WAITER: Would you like Parmesan cheese on your meal?
ME: Yes
WAITER: Say when
ME: Well now makes the most sense
If you’ve ever wondered what it’s like to try to dress a jelly fish, here, try to get pants on my toddler
If you subtract all the sex robots those NASA nerds built, the moon landing only cost like eighty dollars.
i was carrying a 15′ handrail through menards when i jokingly challenged a lady to a jousting match. later, when i thought i saw her again in the parking lot, i said ‘are you ready to joust!” but it wasn’t the same lady.
My dog, every day, brings out a shoe, a shoe of mine in my current shoe rotation, and won’t let it go until I give her a bully stick. It’s extortion!

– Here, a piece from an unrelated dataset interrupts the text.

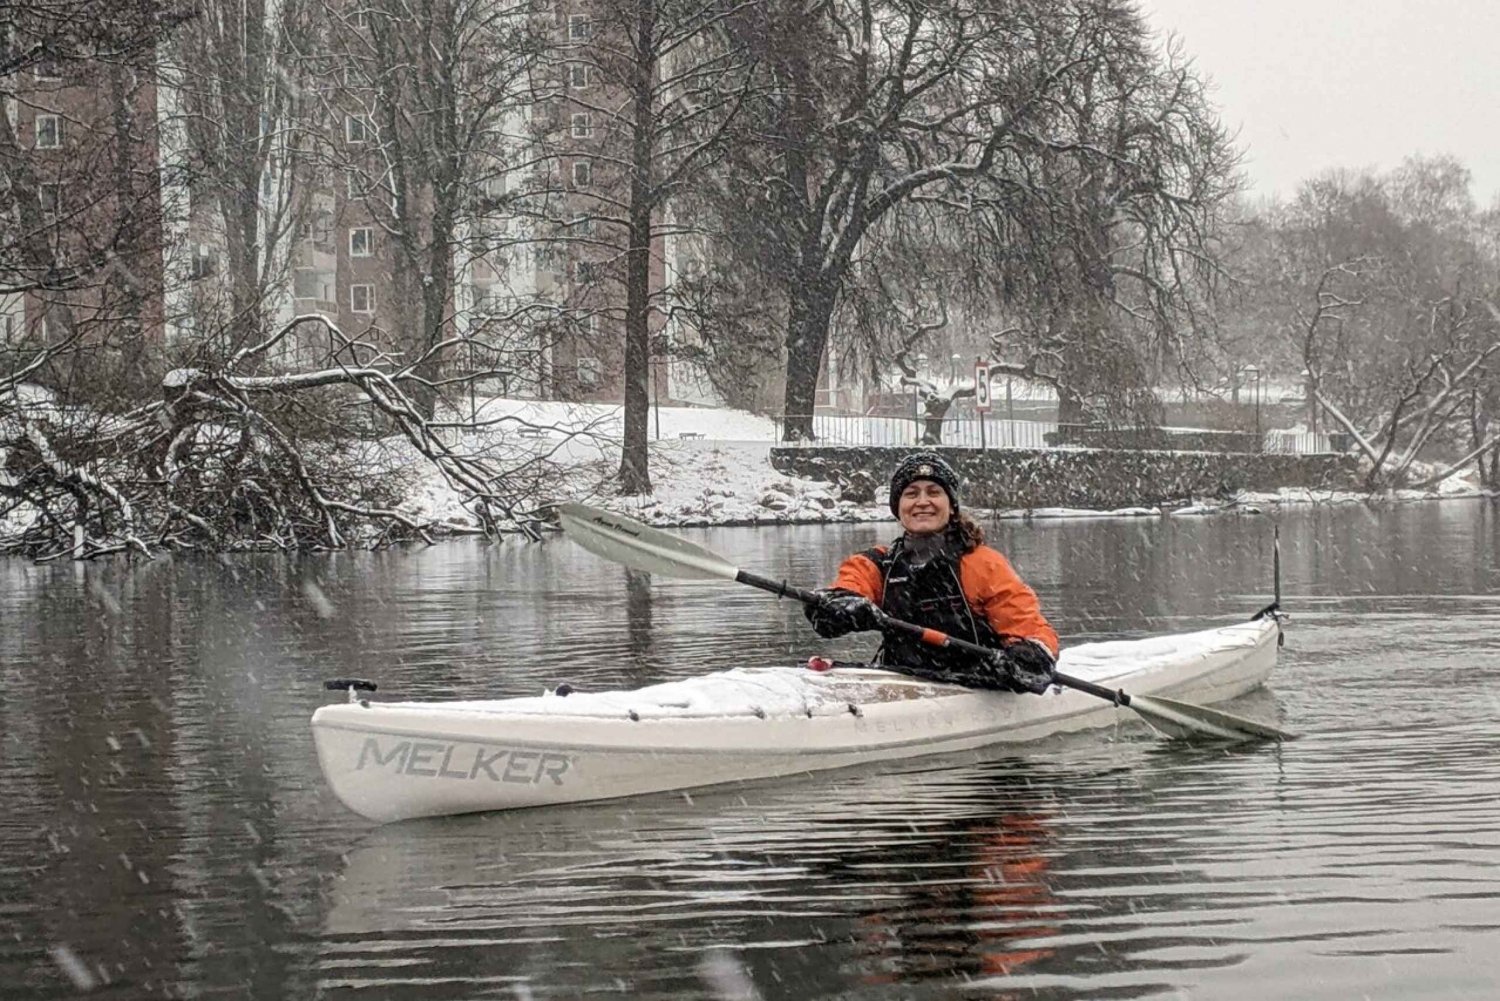 Sztokholm: Zimowy spływ kajakowy z opcjonalną sauną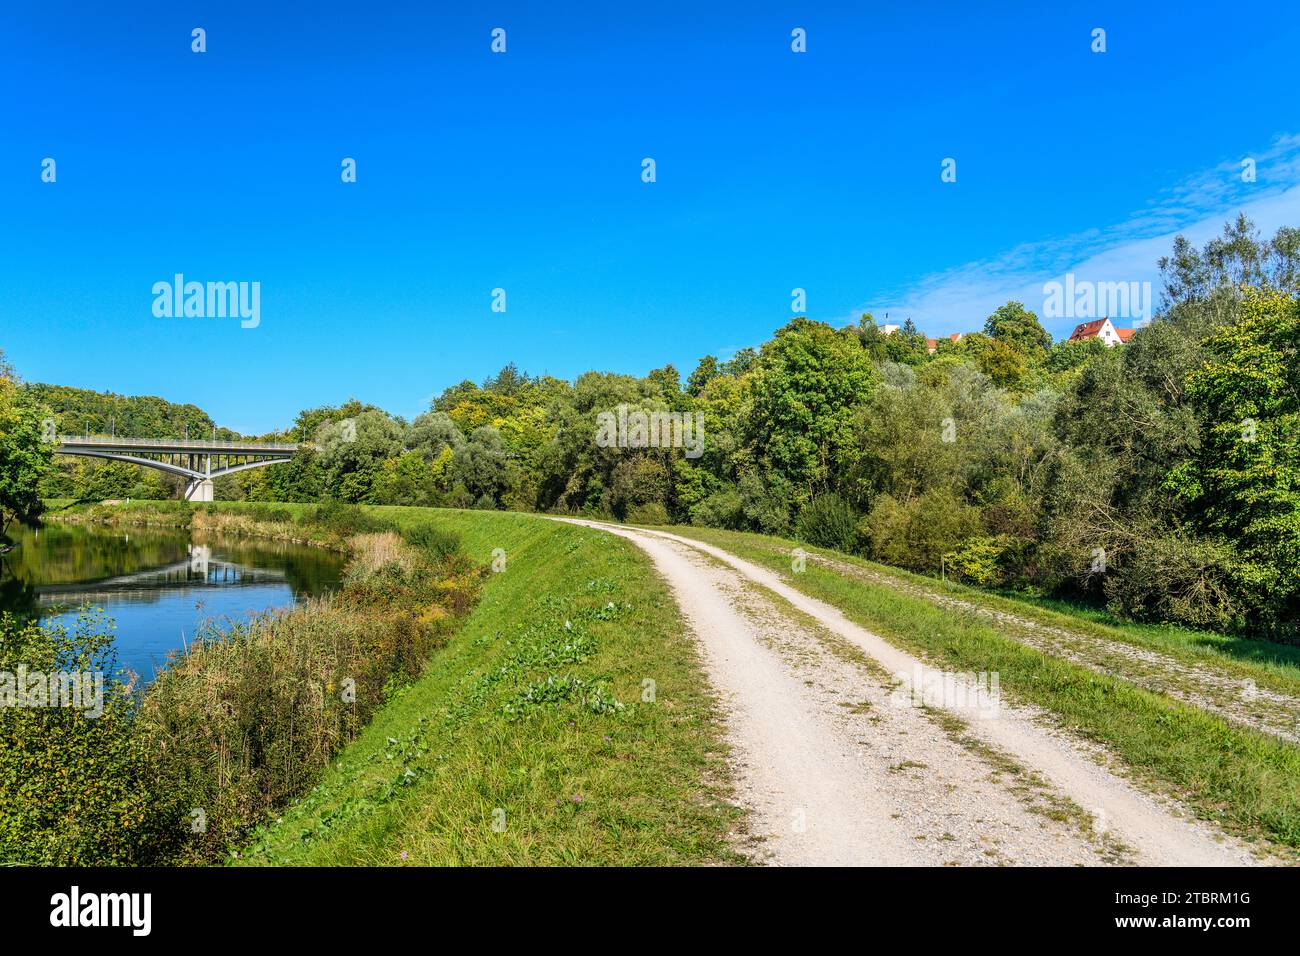 Germany, Bavaria, Munich district, Grünwald, Isar valley, Isarwerk canal with Grünwald bridge, Grünwald castle and castle hotel Stock Photo

if you have over 100 followers there is a secret group of people who meet once a week to throw darts at a picture of your face
“wya?” my limit bro. i’m at my limit
Me, today: don’t text and drive
Me, in 1999: *driving and flipping through a 96 disc binder looking for deftones*
Oh look the neighbors have a Halloween inflatable
-releases the cats
If a CW won’t take ownership of their mistake, the discussion about having them killed should at least be on the table, surely?
~ reason 153 why I’ve been asked to visit HR ‘for a chat’ this year.
my son spilled spaghetti sauce between the couch cushions, and immediately said “I guess it’s the Marinara Trench now” and I have tears of joy
My weird paranoid neighbor, shreds all her mail and closes all the shades.
But never locks her basement window.
Air used to be free at the gas station, now it’s $1.50. Know why?
Inflation
Sadly, at 8:11 PM Mark Jones was mispronounced dead.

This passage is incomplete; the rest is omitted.